3D electromagnetic parallel PIC in nonorthogonal meshes

Summary form only given, as follows. We show results from a code designed to simulate devices such as high power microwave sources with complex three dimensional geometries. The calculations involved require the largest computers available, so the algorithms and code are designed with parallelism in mind. The code runs on the 256 processor Gray T3D parallel supercomputer at JPL, but is designed to be easily portable to other parallel platforms as well. We describe a technique for electromagnetic particle-in-cell (EMPIC) on nonorthogonal meshes in 3 dimensions. The divergence equations and second order convergence for the fields are preserved in this explicit algorithm by locating the quantities on staggered meshes and transforming between fields dotted with face normals and fields dotted with edge vectors. The domain is decomposed into patches, each of which contains a grid that is logically cartesian but potentially nonorthogonal. The patches interact only through their boundaries, and may be distributed arbitrarily on the processors of a parallel computer.
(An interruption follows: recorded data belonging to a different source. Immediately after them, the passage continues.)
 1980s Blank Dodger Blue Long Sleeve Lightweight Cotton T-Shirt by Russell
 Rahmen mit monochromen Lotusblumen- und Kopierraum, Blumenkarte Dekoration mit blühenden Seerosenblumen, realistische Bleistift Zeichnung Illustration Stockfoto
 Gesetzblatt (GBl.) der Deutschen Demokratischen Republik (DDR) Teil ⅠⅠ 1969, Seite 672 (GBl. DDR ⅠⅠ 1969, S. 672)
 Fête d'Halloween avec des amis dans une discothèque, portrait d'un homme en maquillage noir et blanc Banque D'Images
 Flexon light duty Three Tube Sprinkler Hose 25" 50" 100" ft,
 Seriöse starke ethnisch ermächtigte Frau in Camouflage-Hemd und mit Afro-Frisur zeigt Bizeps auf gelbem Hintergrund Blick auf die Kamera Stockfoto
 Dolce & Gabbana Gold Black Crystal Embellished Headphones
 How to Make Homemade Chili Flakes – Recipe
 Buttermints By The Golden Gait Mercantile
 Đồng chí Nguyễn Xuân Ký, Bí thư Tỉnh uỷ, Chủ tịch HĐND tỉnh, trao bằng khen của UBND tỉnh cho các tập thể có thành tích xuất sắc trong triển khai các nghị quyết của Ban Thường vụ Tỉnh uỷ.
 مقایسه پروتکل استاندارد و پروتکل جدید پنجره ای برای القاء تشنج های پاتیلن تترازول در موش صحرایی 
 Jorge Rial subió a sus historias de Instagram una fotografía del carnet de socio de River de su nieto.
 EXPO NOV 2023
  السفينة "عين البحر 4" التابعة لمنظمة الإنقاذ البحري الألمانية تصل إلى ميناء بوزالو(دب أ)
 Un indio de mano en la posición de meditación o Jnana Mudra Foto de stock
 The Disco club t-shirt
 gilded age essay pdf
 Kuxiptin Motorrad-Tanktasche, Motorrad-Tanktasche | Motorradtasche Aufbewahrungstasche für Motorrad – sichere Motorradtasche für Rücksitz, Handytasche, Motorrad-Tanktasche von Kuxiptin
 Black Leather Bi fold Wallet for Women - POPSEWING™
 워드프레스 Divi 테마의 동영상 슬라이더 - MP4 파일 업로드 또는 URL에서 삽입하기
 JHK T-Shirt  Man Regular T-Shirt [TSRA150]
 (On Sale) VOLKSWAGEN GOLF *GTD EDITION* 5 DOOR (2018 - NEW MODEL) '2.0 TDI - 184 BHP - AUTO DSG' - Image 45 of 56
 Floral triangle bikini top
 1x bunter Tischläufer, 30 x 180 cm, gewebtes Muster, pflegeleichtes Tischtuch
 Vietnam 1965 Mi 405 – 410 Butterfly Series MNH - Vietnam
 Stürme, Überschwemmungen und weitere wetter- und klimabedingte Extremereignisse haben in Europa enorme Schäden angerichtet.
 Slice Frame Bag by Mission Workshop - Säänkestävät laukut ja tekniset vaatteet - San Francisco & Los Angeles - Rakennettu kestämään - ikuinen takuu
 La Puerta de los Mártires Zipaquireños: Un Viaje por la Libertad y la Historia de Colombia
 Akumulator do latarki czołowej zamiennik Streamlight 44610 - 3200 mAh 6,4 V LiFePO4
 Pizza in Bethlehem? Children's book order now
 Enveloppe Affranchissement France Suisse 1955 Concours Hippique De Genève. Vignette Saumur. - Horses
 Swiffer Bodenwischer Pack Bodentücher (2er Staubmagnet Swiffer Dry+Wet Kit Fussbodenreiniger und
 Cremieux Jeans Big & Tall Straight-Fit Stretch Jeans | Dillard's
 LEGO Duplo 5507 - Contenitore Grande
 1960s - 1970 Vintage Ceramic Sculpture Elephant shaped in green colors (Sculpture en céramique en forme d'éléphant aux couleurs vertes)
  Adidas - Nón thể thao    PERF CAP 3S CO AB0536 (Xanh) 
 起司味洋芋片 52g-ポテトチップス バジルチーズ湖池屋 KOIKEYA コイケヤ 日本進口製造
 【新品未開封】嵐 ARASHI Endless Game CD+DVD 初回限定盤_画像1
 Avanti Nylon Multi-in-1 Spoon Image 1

The underlying cartesian grid simplifies the structure of the electromagnetic update compared to fully unstructured grids, and allows us to track the particles positions in the underlying cartesian space. Particles are stored with each patch, and are passed to new patches when they move through a boundary. Other than for diagnostics, no global operations are required. We report on the algorithm design, numerics, verification and benchmarking for this code.